# 2001 Audi A4 1.8T Oil Questions



## TheDiamondOreo (Aug 19, 2018)

Hey all,

Girlfriend's car is a 2001 Audi A4 1.8T and I'm going to be doing an oil change soon. I have some questions about what oil to use and capacity as her car doesn't have an owners manual in it.

What oil type should I use? I know full synthetic, but does it have to meet VW 502.00? 500.00? Does Audi call for 5W-40? or 5W-30? Also, how many quarts does the Audi 1.8T take?

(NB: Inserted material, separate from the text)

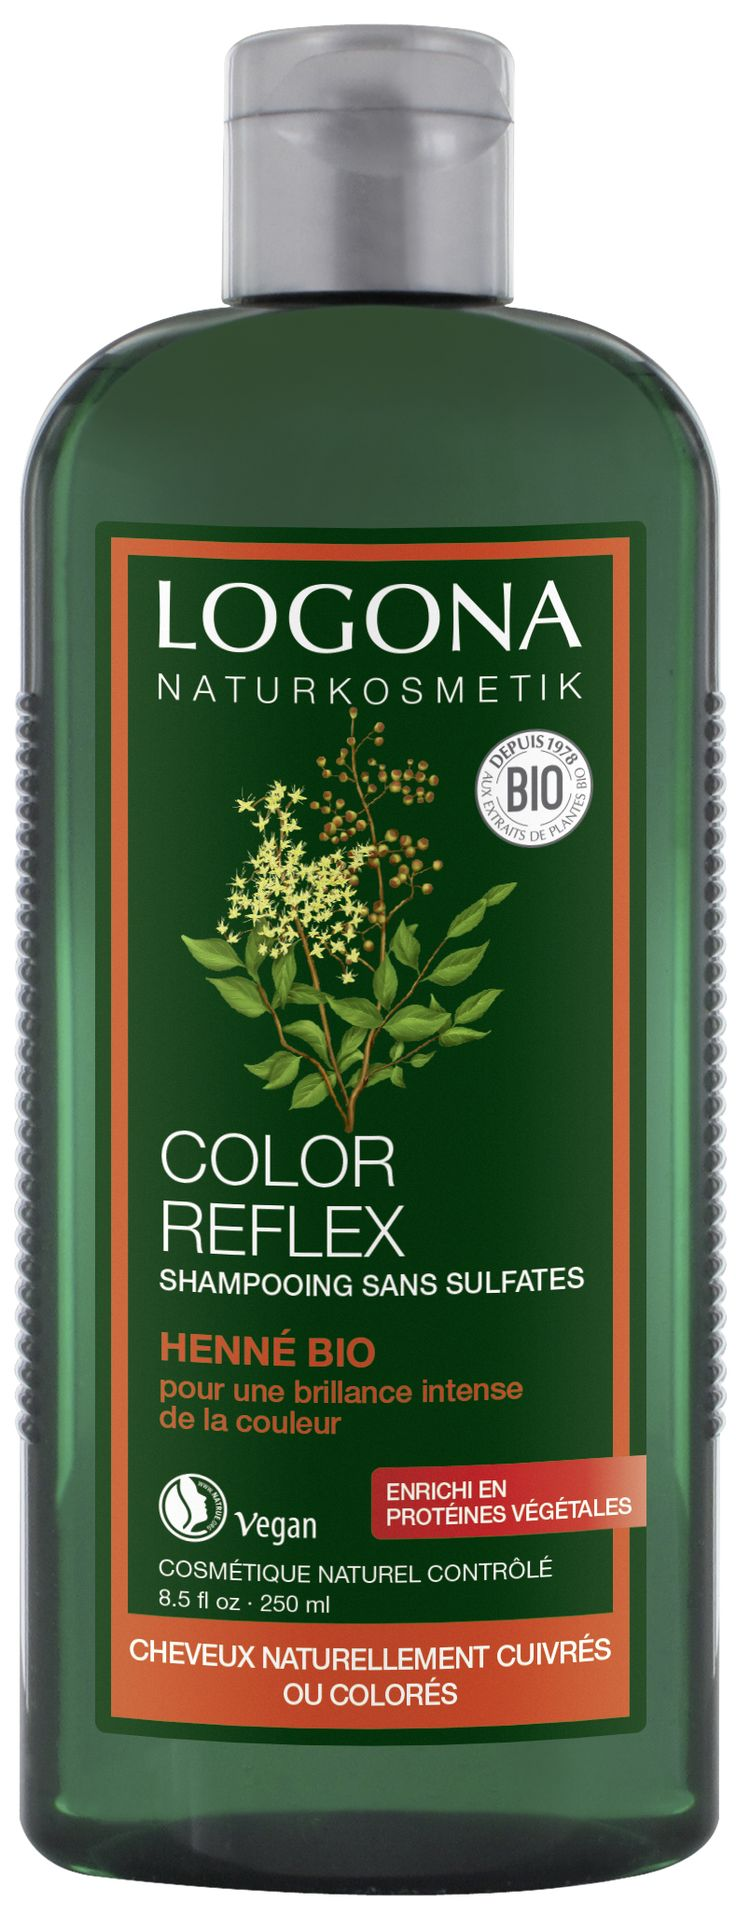 SHAMPOOING COLOR REFLEX HENNÉ BIO, CHEVEUX NATURELLEMENT CUIVRÉS OU COLORÉS, LOGONA - 250ml / 10,50€ Le shampooing Color Reflex Henné LOGONA, est spécialement formulé pour les cheveux naturellement auburn, roux ou colorés. Enrichi en henné bio, ce soin apporte brillance, multiplie les reflets, ravive l'éclat naturel des cheveux cuivrés ou colorés et prolonge également les colorations végétales tout en les protégeant. Délicatement nettoyés, les cheveux sont doux, souples et faciles à coiffer.

I was thinking about using Castrol Syntec 5W-40. Is that safe to use? Live in upstate NY so we have decently hot summers and cold winters. 

Thanks in advance.


----------



## Ichabod0525 (Feb 11, 2018)

Without going down the rabbit hole of what brand is... Pick your preference of 502.00 for your 1.8T. *BLAUPARTS* Has a nice little chart to help you decide. The oil you suggest should be fine. They also have a *GUIDE* that gives the capacity.


----------



## cuppie (May 4, 2005)

5w40 is best for that engine. 
Make sure that you get the 'big' filter for it. No Fram, either - Mann or Mahle are best, and are also reasonably priced thru online retailers. 

I know that people like to hate on ECS Tuning some times, but they do sell good oil - and the good filters - for a fair price. IIRC, my Passat costs me about $40 for a 5-liter jug of Liqui-Moly + a Mann filter from them.


----------